BMR is calories burned at rest; TDEE is BMR × activity multiplier, representing total daily burn. Our calculator shows both.
Absolutely. Choose "Gain Muscle" for a 300‑cal surplus and a 30/45/25 split — ideal for lean bulking. It works as an IIFYM macro calculator for bodybuilders.
Yes, the Mifflin‑St Jeor equation factors in age. It’s a macro calculator for women over 40 that adjusts for metabolic changes. Select a goal and get a safe, personalized plan.
IIFYM (If It Fits Your Macros) lets you eat any food as long as it fits your daily macro targets. Our flexible dieting macro calculator provides those targets.
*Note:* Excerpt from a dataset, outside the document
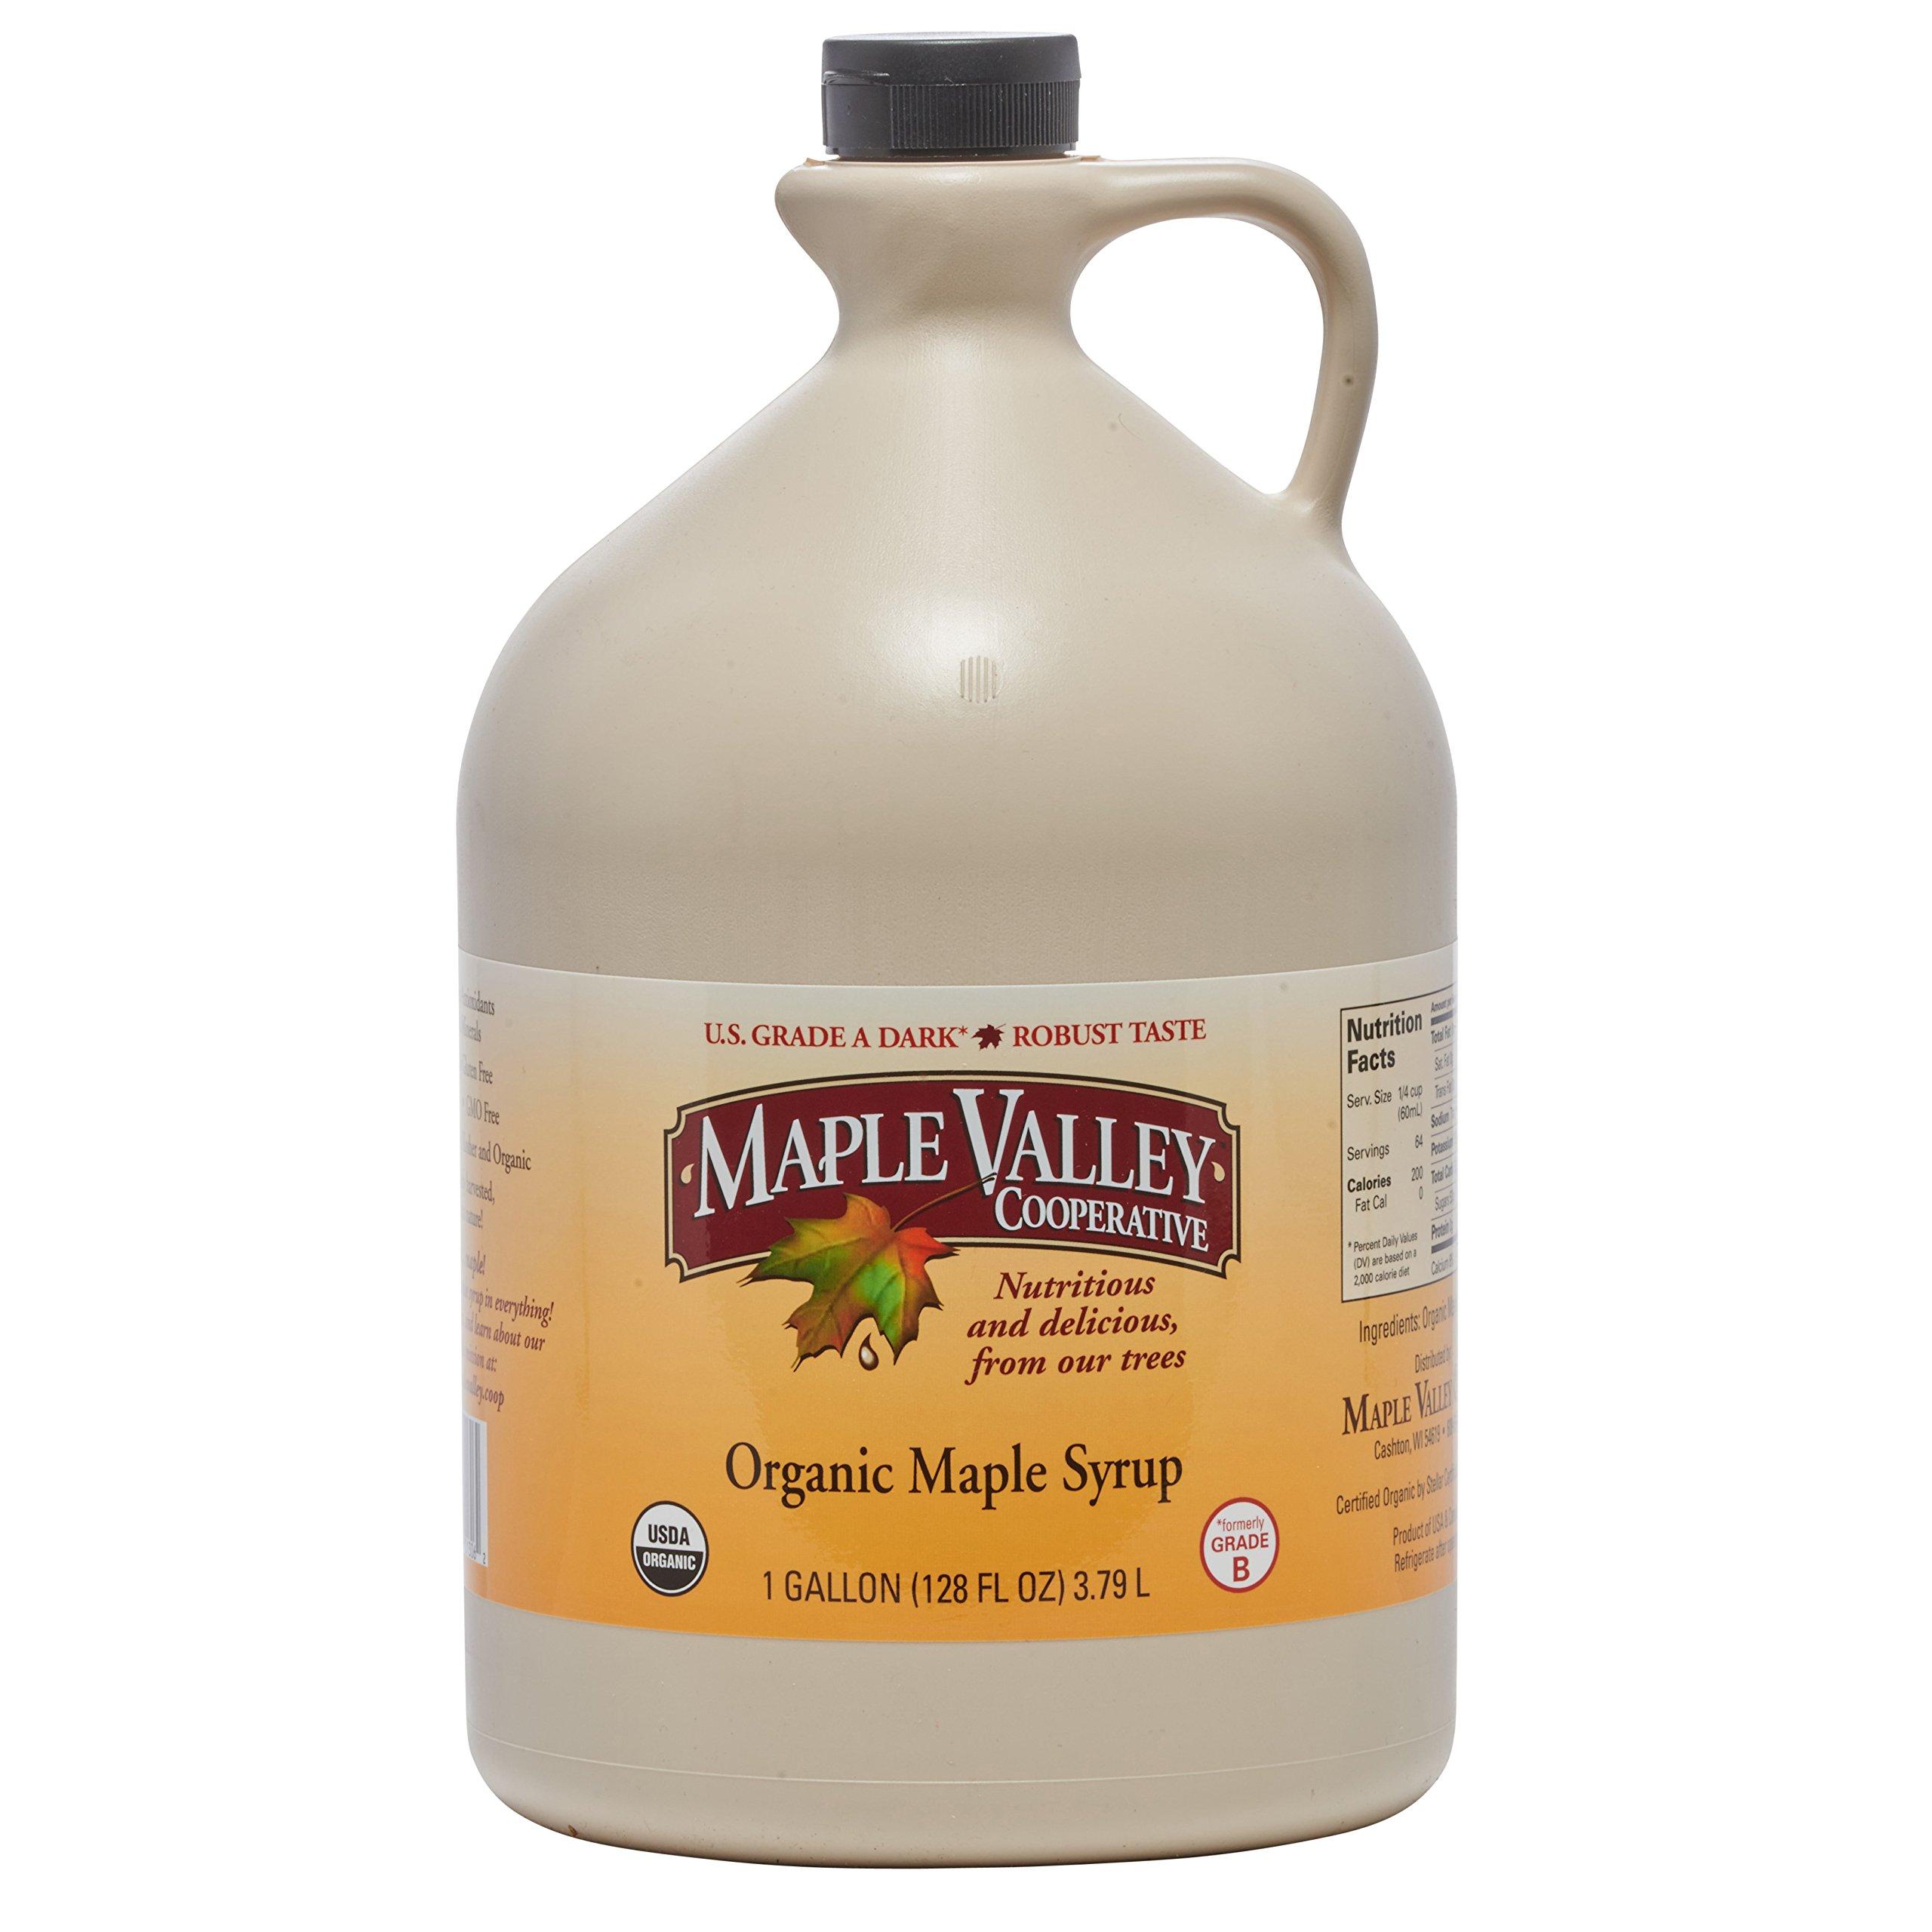 Maple Valley 128 Oz. (Gallon) Organic Maple Syrup - Grade A Dark & Robust (formerly Grade B)

Every 4–6 weeks or after a 5–8 lb weight change. Recalculating keeps your nutrition aligned with your current body.
Yes, the 500‑calorie deficit yields about 1 lb/week fat loss — a safe, sustainable rate. It’s a safe macro calculator for cutting.
Why trust this calculator?
- Uses Mifflin‑St Jeor formula
- Based on sports nutrition guidelines
- Free forever, no signup
- No data stored or shared
Scientific References
This macro calculator is based on widely accepted nutrition and metabolic research.